-------- Given data --------
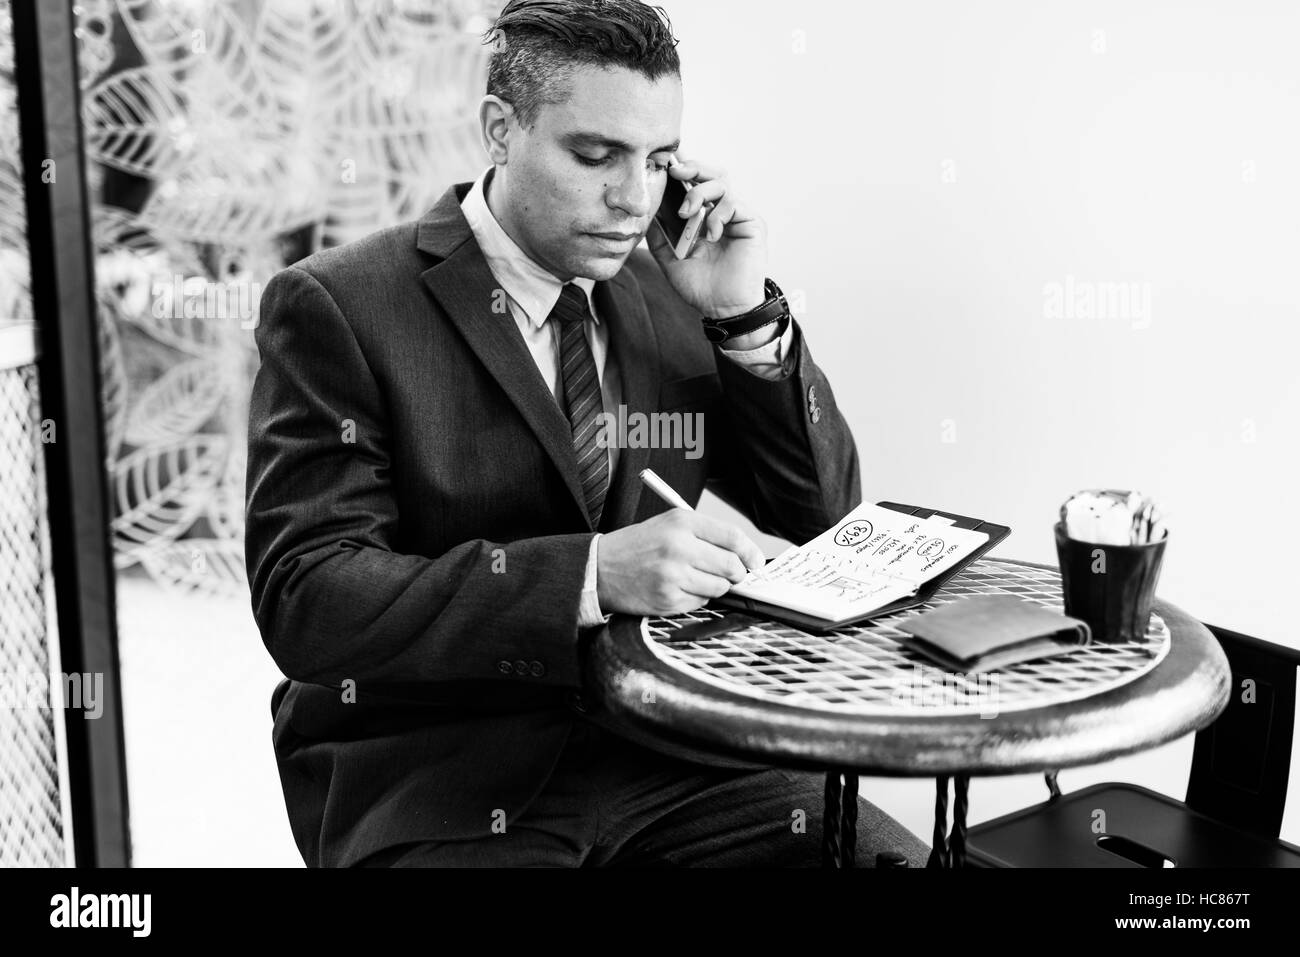 Business Man Calling Mobile Phone Concept Stock Photo
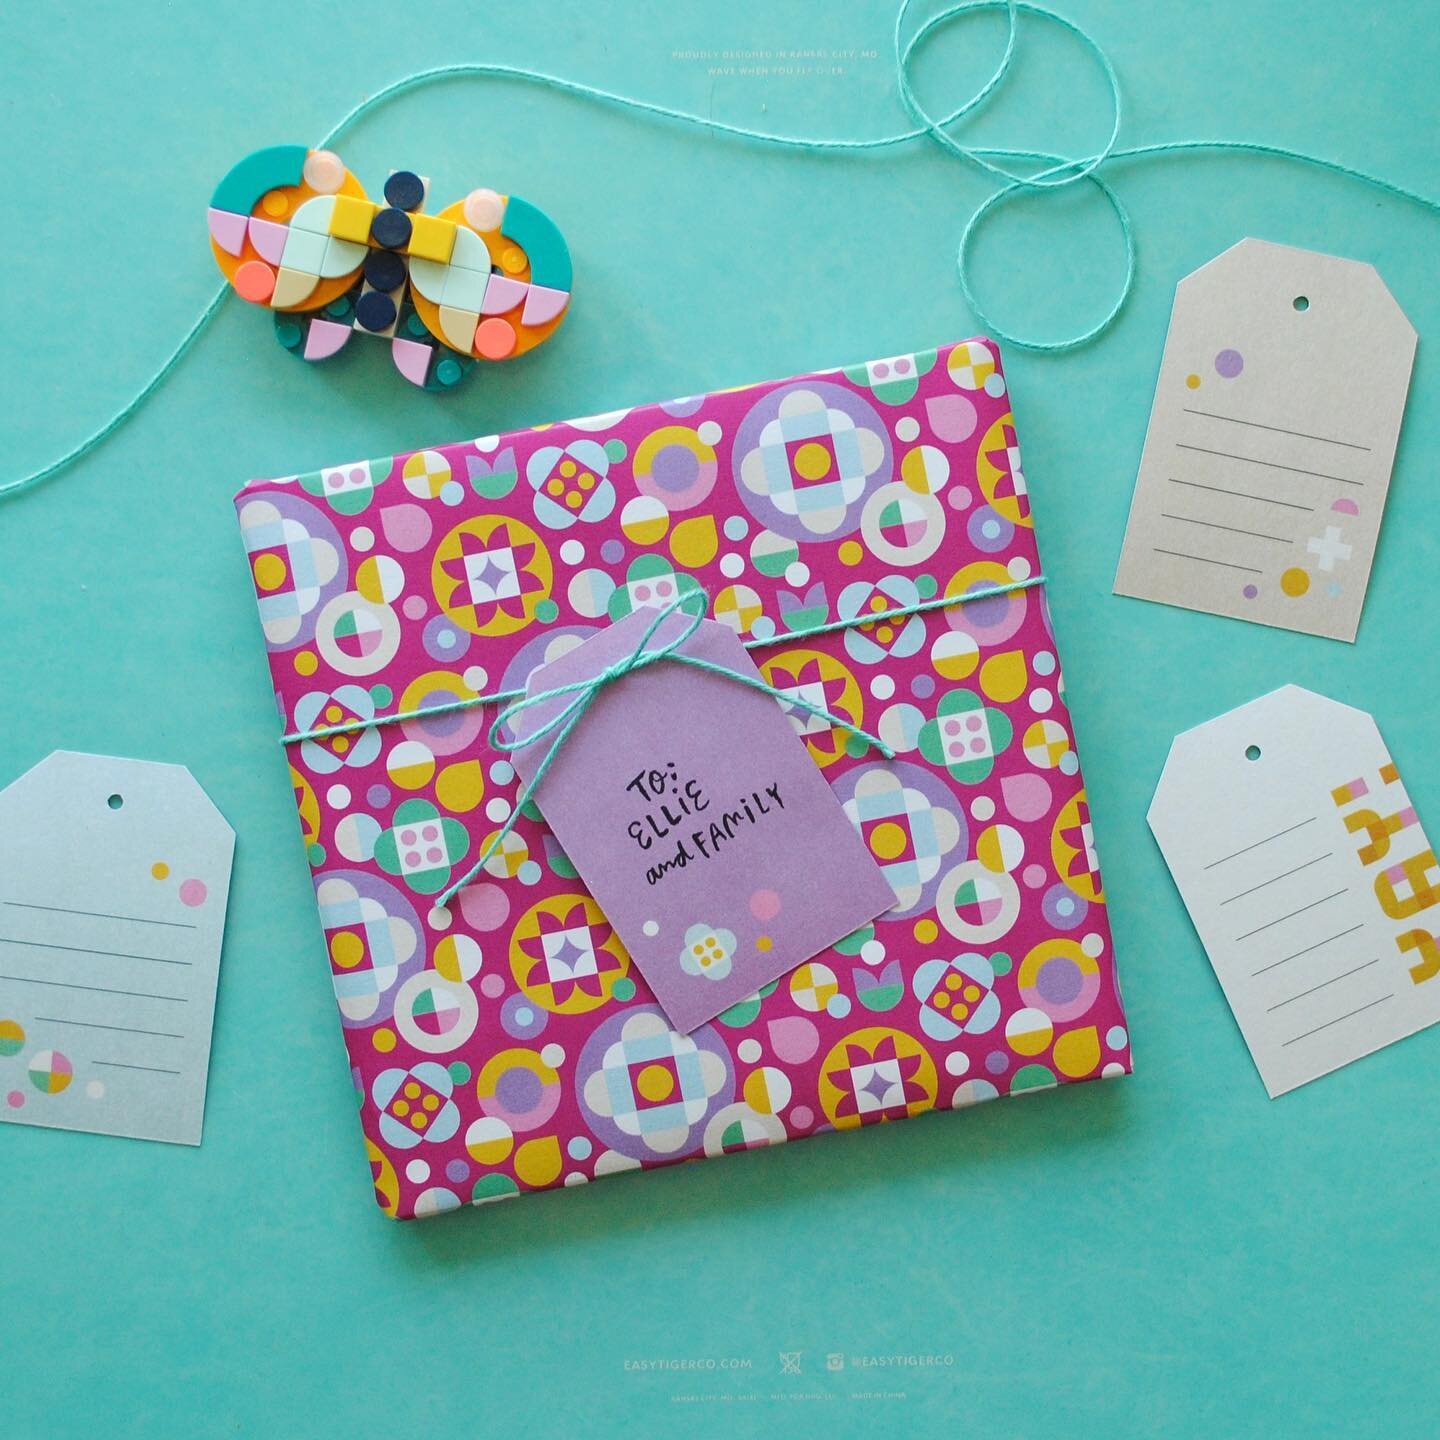 DOTTY MAY Wrapping &amp; Tags - After I made the photo album, I had all the patterns and design elements for wrapping paper and tags. If you spend all that time designing a photo album, you might as well make matching gift wrap too, right?!

I call m
--------
The listing above must be repeated exactly, apart from the pictures.

 Business Man Calling Mobile Phone Concept Stock Photo
 DOTTY MAY Wrapping &amp; Tags - After I made the photo album, I had all the patterns and design elements for wrapping paper and tags. If you spend all that time designing a photo album, you might as well make matching gift wrap too, right?!

I call m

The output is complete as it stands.